What info do you need? I am attaching my test data and code here: https://www.dropbox.com/sh/6idqunobck72q5j/AAClfpkwhusMVDPNx6HU7wSYa?dl=0
Note that bam2 is missing the last record where bam1 and bam3 are correct. Let me know if you need other info. Thanks!
@hukai916 so all bam files in the dropbox folder are outputs from the cram file? Can you please post the json config file you use and which version of pheniqs you are using?
log_decode2.txt seems to be the one showing a missing record. 450000 are reported in incoming and only 449999 are reported in sample. being the last record does point to some thread synchronization issue but obviously an extremely rare one since I have never encountered it. How many cores is this running on?
Hi, all bams are created from the same cram using the same pheniqs command. The missing-last-record cases occur occasionally, roughly 10%-20%, no matter how many cores I use. I will give more info after the holidays.
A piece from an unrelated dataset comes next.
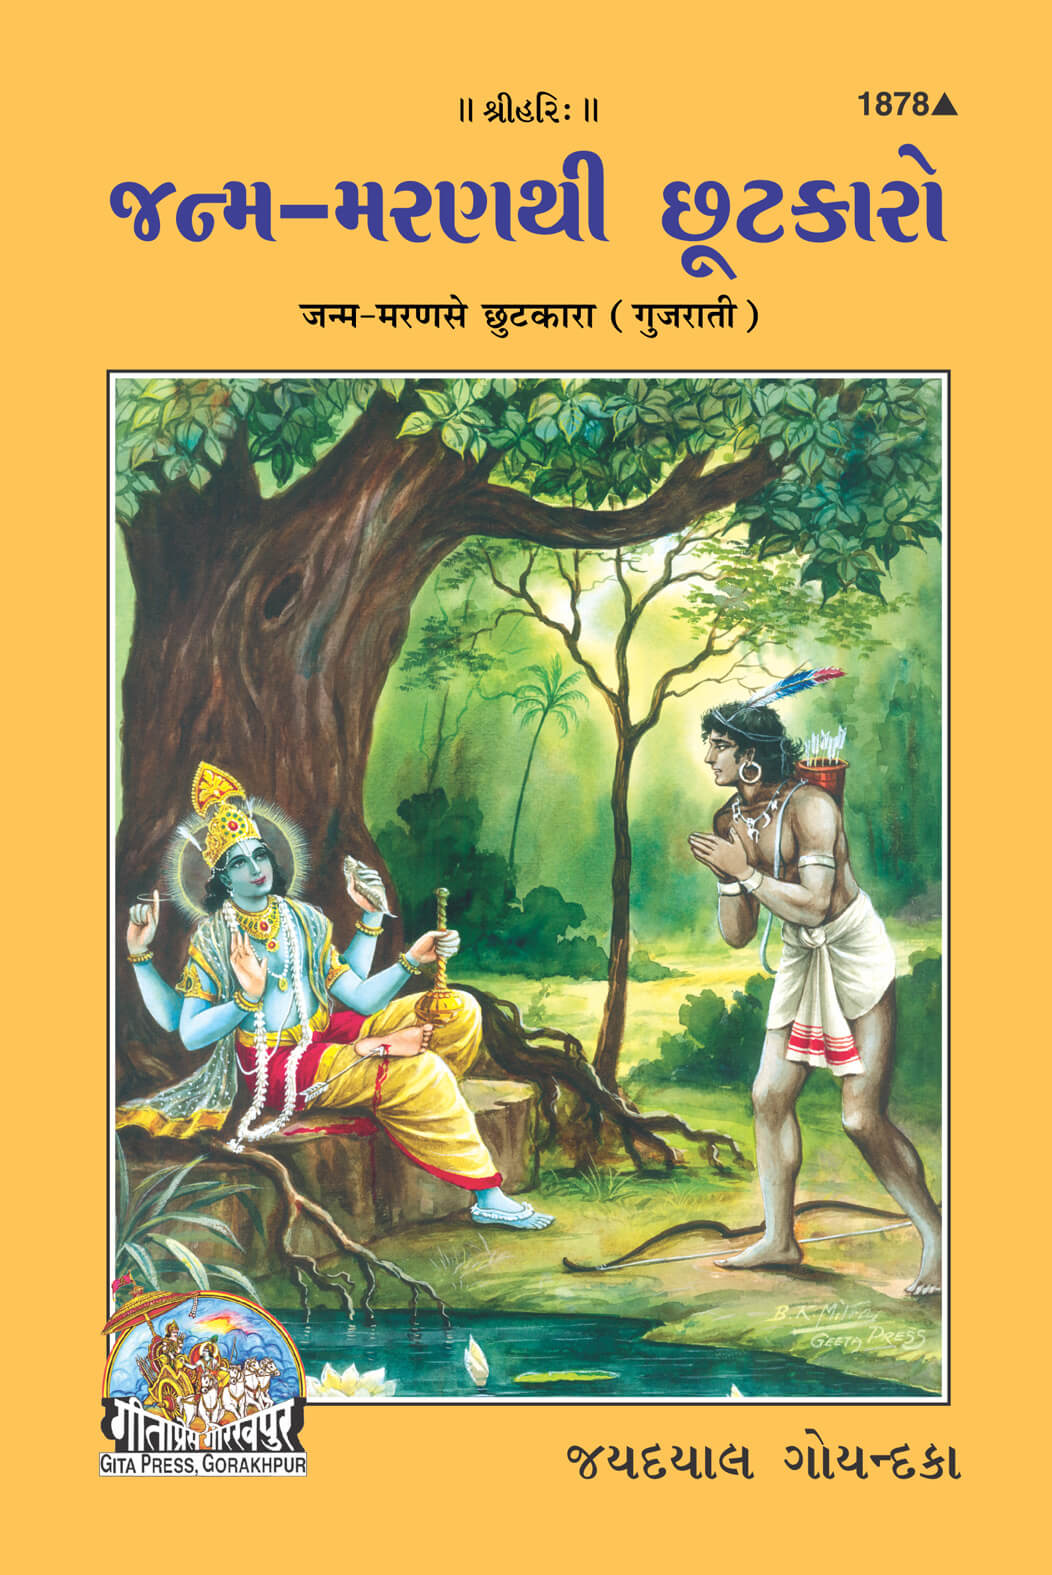 SANATAN  Janam Maran se Chutkara (Gujarati) by Gita Press

Can you please post pbmc_500_5p_3_aa.json and I will try and replicate it.
L.
Hi L., I have uploaded the json file to the same folder. The Pheniqs I used is: pheniqs version 2.1.0 @moonwatcher
--Kai
Hello Kai
Just a quick update., I have been trying to reproduce this but have so far been unsuccessful. I tried both with a build of pheniqs 2.1.0 and with head.
A side comment: using an extension of ".bam1" pheniqs does not detect that you actually wanted bam encoding as so it will revert to the default SAM output. This is why the files you provided are bigger than I expected. They are actually uncompressed, simple text in SAM format. You can override the default output format with --format bam
.
Are you observing this on MacOS or Linux? What exact platform? might also be useful to know what dependencies. Did you build the binary yourself or installed it from Conda?
It is possible this is related to one of the dependencies. Since this is so tricky to replicate, will you be willing to test on custom build? I can provide instructions if you are interested.
Thanks L.,
I installed Pheniqs with conda on a Ubuntu Xenial container (Docker). The container contains solely miniconda, Pheniqs, pysam, and SAMTools. The container can be pulled by:
docker pull hukai916/pheniqs_xenial:0.2
I can perform more tests, pls share instructions. Thanks!
--Kai
Hi developers,
I encountered a mysterious issue when using Pheniqs for barcode correction.
Basically, when performing the correction, I first prepare a CRAM file containing barcodes to be corrected and a json file according to the tutorial, then run Pheniqs. However, the resulting BAM files is one record less than the CRAM, and the missing one seems to be always the last record in the CRAM.
This happens only occasionally. For example, I run the same code for 6 times and capture one (bam3):
Not a big matter, but still annoying, I can provide more info if you would like to look into it.
Thanks,
--Kai